I don’t think it’s clear or even likely that we necessarily have to resolve issues like metaethics, anthropics, the right formalization of logical uncertainty, decision theory, etc. prior to building human-level AI. No doubt having a better grasp of these issues is helpful for understanding our goals, and so it seems worth doing, but we can already see plausible ways to get around them.
In general, one reason that doing X probably doesn’t require impossible step Y is that there are typically many ways to accomplish X, and without a strong reason it is unlikely that they will all require solving Y. This view seems to be supported by a reasonable empirical record. A lot of things have turned out to be possible.
(Note: in case it’s not obvious, I disagree with Eliezer on many of these points.)
I suspect I also object to your degree of pessimism regarding philosophical claims, but I’m not sure and that is probably secondary at any rate.

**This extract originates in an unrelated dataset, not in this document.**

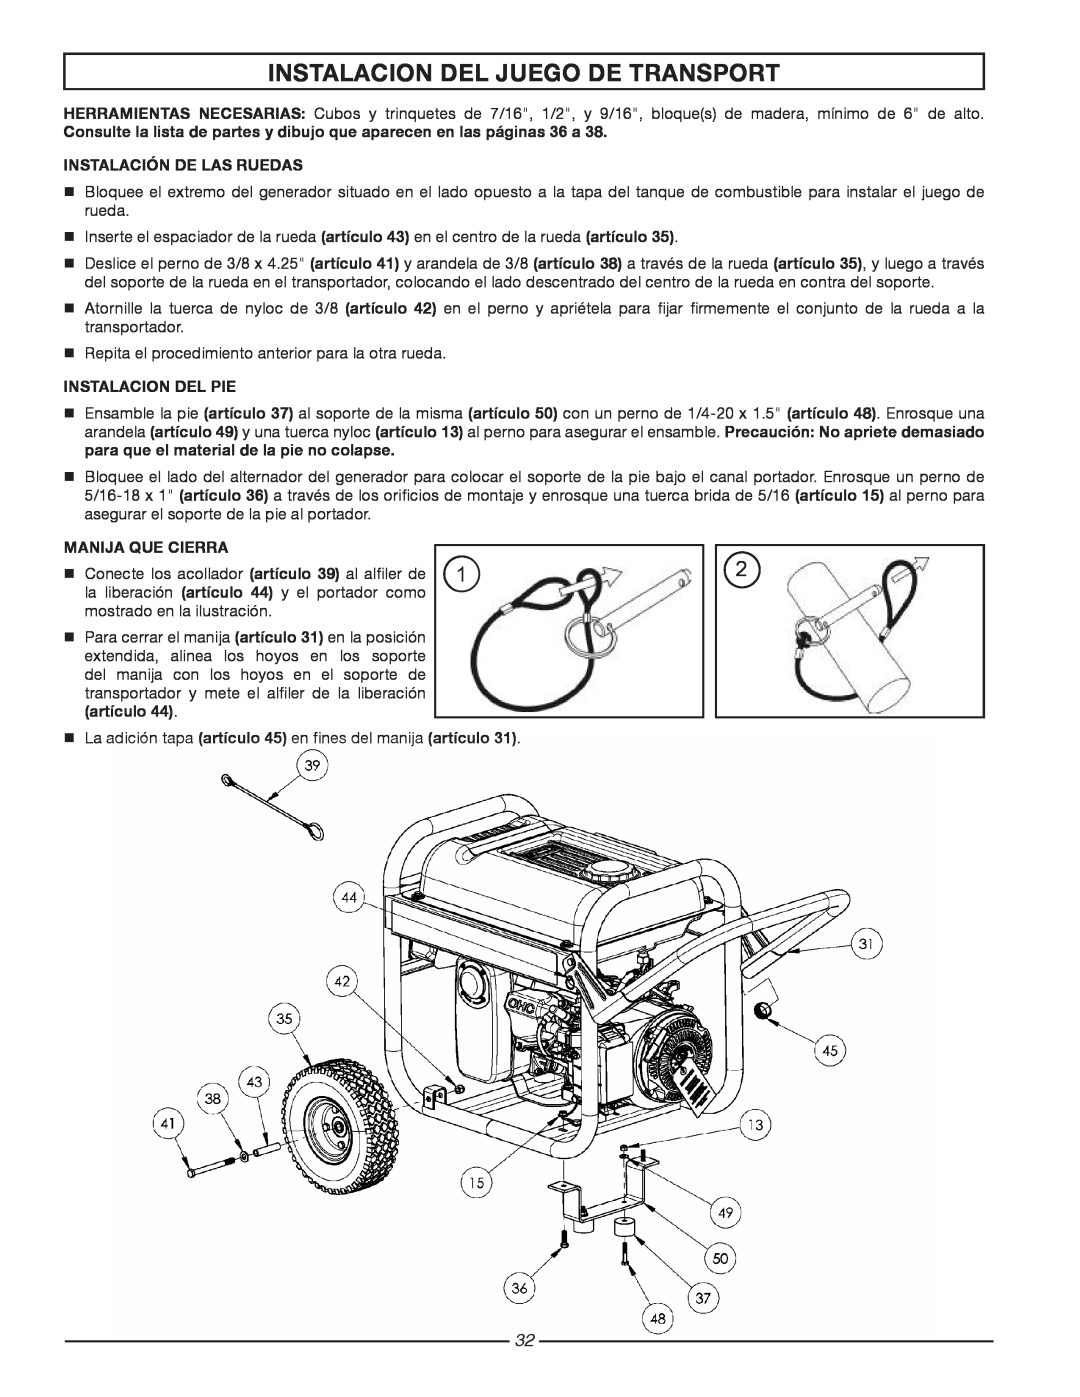 Homelite HG3510 Instalacion Del Juego De Transport, Consulte la lista de partes y dibujo que aparecen en las páginas 36 a

It’s hard for me to argue with multiple people simultaneously. When I argue with someone I tend to adopt most of their assumptions in order to focus on what I think is the core disagreement, so to argue with someone else I have to “swap in” a different set of assumptions and related arguments. The OP was aimed mostly at Eliezer, so it assumed that intelligence explosion is relatively easy. (Would you agree that if intelligence explosion was easy, then it would be hard to achieve a good outcome in the way that you imagine, by incrementally solving “the AI control problem”?)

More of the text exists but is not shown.